Work in the main area of energy research aims at providing technologies for a long-term and environmentally compatible energy supply of a steadily growing world population.

Fuel cells are a promising technology for energy conversion. They directly convert the chemical energy of their fuels, such as natural gas, methane or hydrogen, into electric energy. In this way, theoretical efficiencies of up to 70 % can be achieved. Further advantages of fuel cells are low emissions of CO₂ greenhouse gas - a consequence of the favourable efficiency - and hardly any emissions of sulphur and nitrogen oxides. Several fuel cell types of similar design and function are currently competing with each other. They differ above all in the materials used, the type of electrolyte and the operating temperatures, which are between 60°C and 200°C in the low-temperature range and between 600°C and 1000°C for the high-temperature fuel cell - the so-called solid oxide fuel cell (SOFC).
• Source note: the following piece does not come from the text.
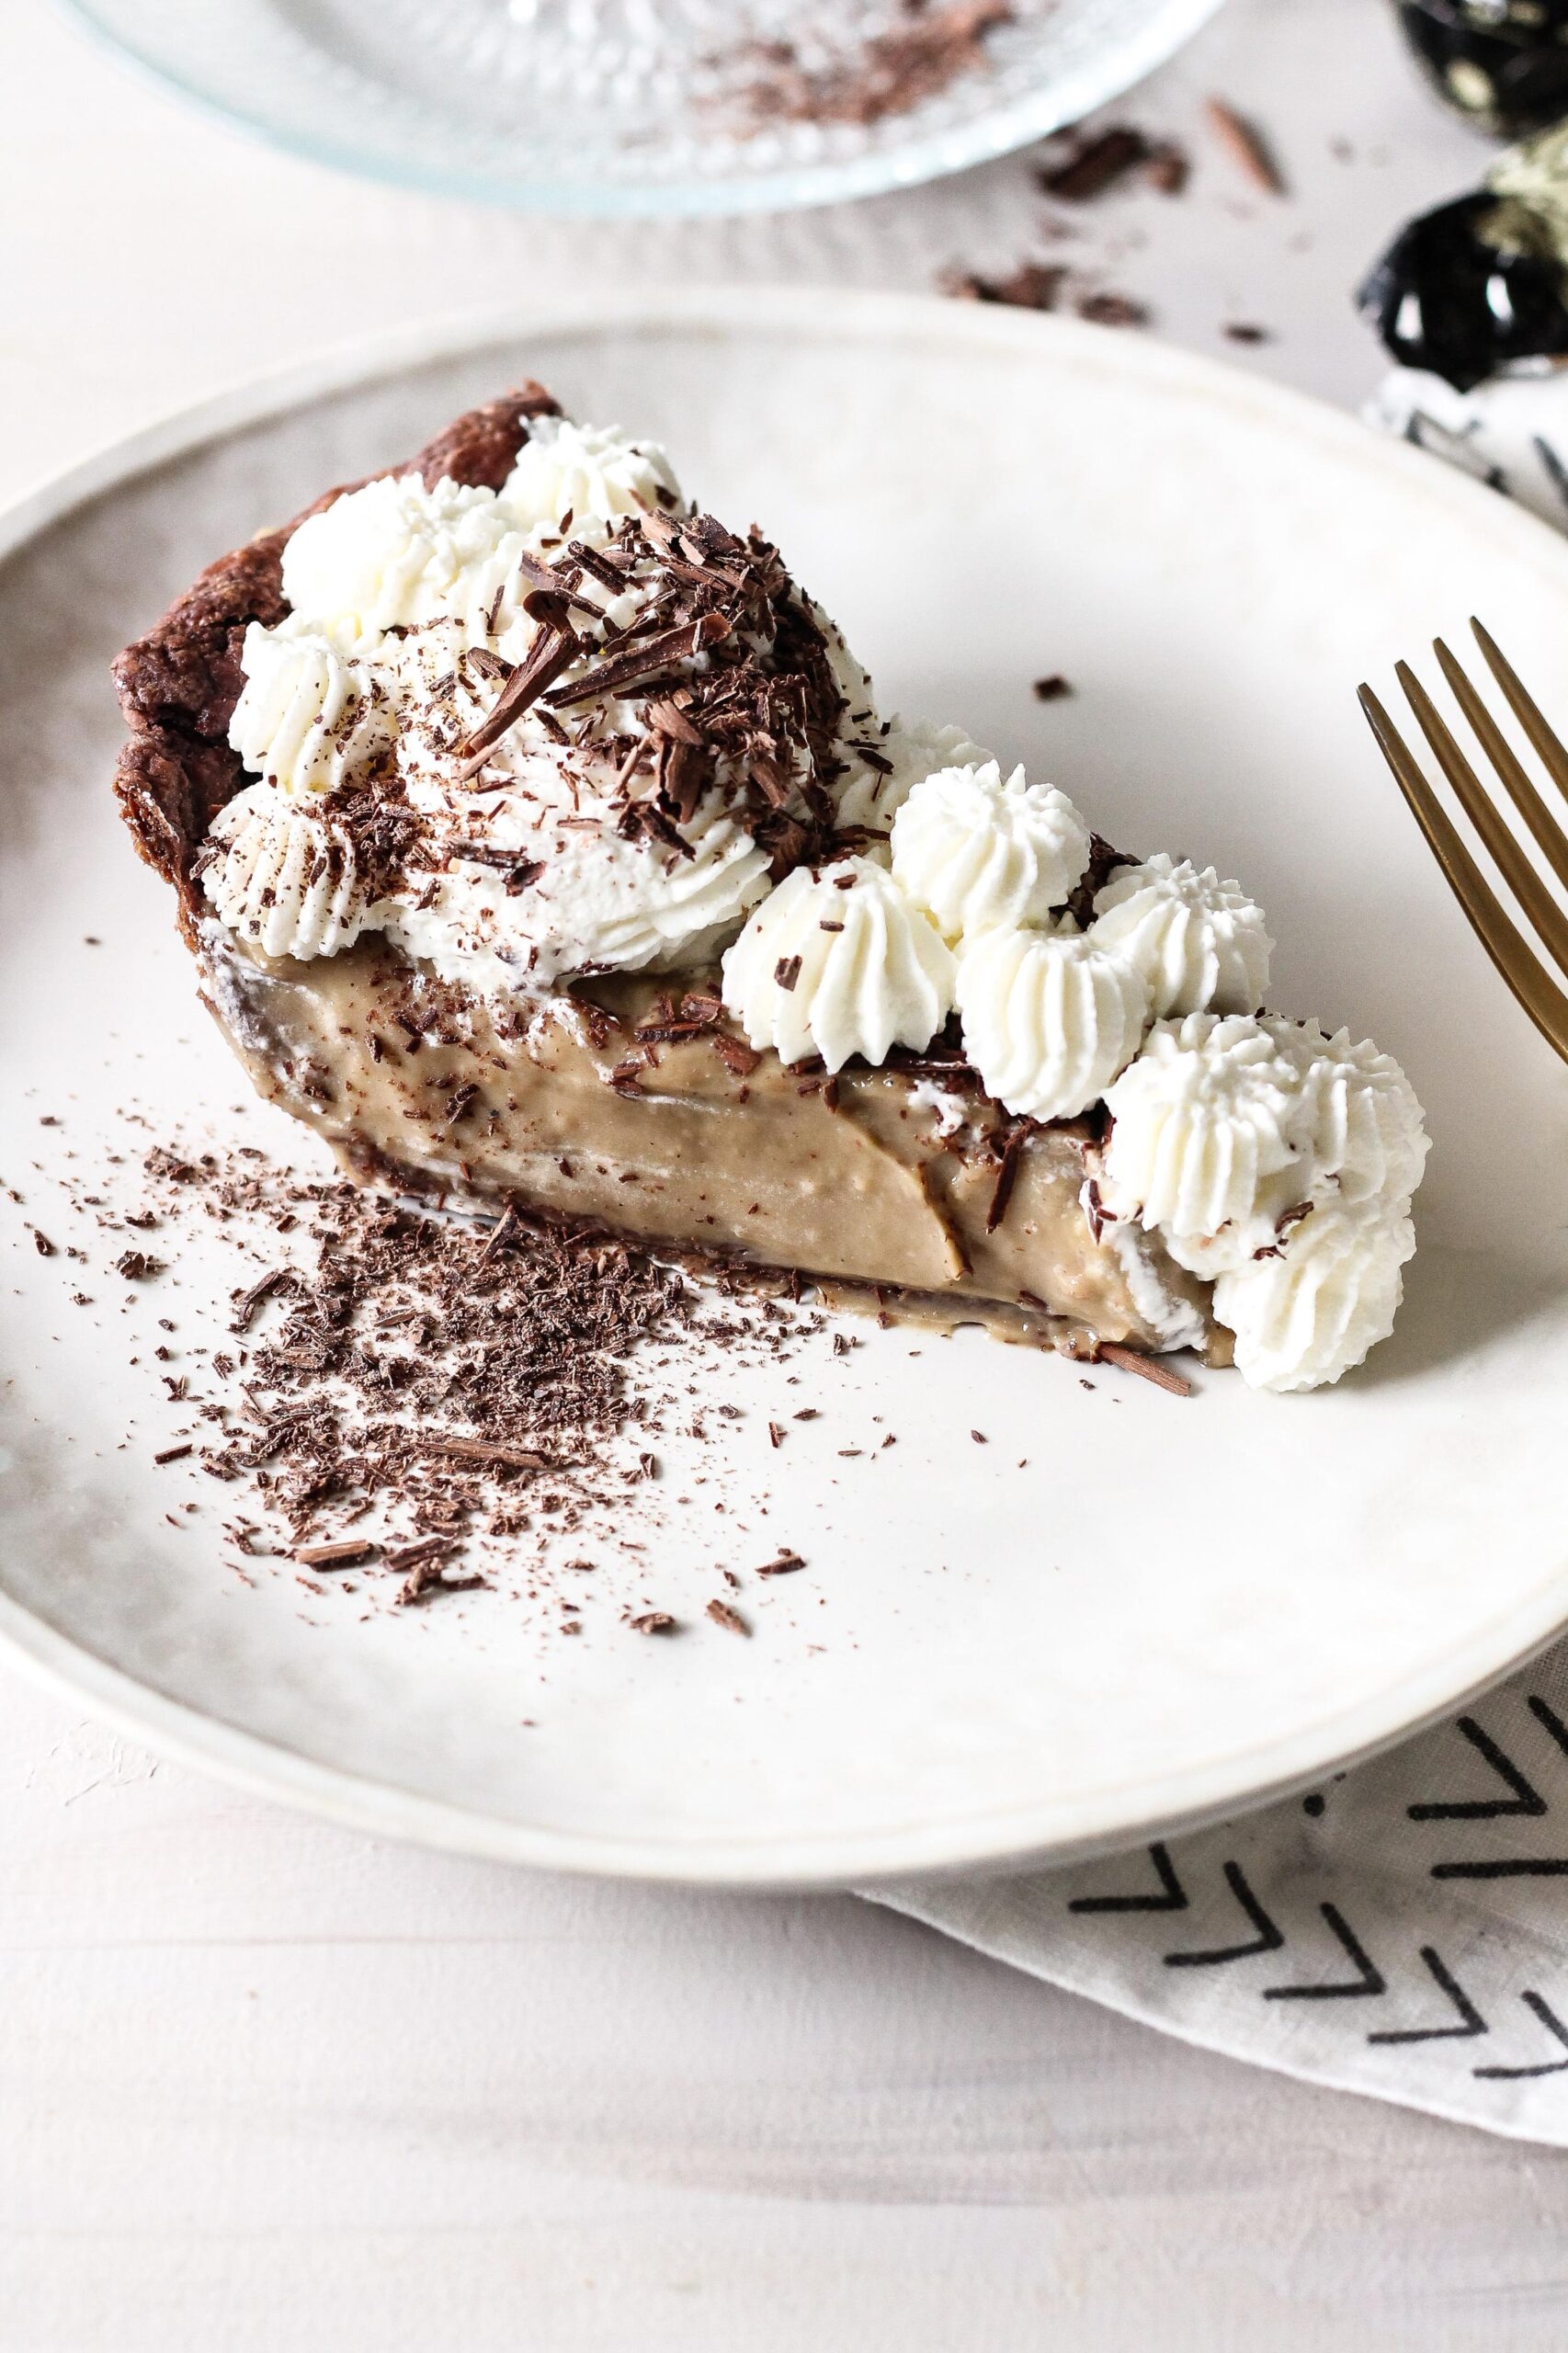  Sink your teeth into this heavenly coffee and cream pie!

The Research Centre's R&D activities for the latter concentrate on the technical feasibility of the "Jülich substrate concept", an SOFC system for decentralized cogeneration with an electric power output of 20 kW.

Work for the low-temperature fuel cell - especially for the proton exchange membrane fuel cell (PEFC) - is oriented to the development of system and process proposals and the resulting components. In parallel, the development of a direct methanol fuel cell (DMFC) is being pursued as an efficient and low-emission drive system for motor vehicles.

Fossil-fired power plants will also furnish a considerable contribution to global energy supply in the 21st century. Efforts concentrate on significantly increasing their efficiency. Efficiencies of over 60 % are to be achieved, in particular, for gas and steam turbine power plants with more than 100 megawatt power output. In the field of gas turbines, especially new material systems play a central role in addition to improved cooling technologies and reliable methods of component design. In the Jülich R&D project on material systems for power plants, important work is being carried out for new high-heat-flux material systems for fossil-fired power plants and future nuclear fusion reactors. The spectrum ranges here from newly conceived single materials through the action of structure and function in various composite materials up to the realization and testing of components for power plants.

Among the renewable energies, the direct photovoltaic conversion of solar radiation into electric energy is an important option for future energy supply. The production costs of photovoltaic modules must be clearly reduced, however, to enable photovoltaics to markedly contribute to covering globally growing power requirements. Due to their small requirement of high-purity materials involving expensive and energy-intensive production, their low and thus energy-saving production temperatures as well as fully automated process flows, thin-film solar cells promise to involve more favourable production costs than the currently prevailing technology which uses thick, crystalline silicon wafers. Work at Jülich on photovoltaics is aimed at novel concepts for thin-film silicon cells based on intensive materials research and a process technology for low-cost industrial mass production. The substrate materials used are primarily glass, but also metal and plastic foils.

Another nearly inexhaustible source of energy could be controlled nuclear fusion. This difficult task is being intensively dealt with worldwide. Hot gases (so-called plasmas) of more than 100 million degrees, consisting of the hydrogen isotopes deuterium and tritium, must be generated and kept together for a sufficiently long time. At the same time, the energy produced in fusing the nuclei must be extracted for use. The Jülich R&D project on nuclear fusion and plasma research concentrates on key topics relating to the control of a fusion plasma: plasma-wall interaction, energy and particle transport and the control of instabilities. Work is closely associated with Dutch and Belgian fusion research within the framework of the Trilateral Euregio Cluster (TEC) and embedded in the EU's fusion programme.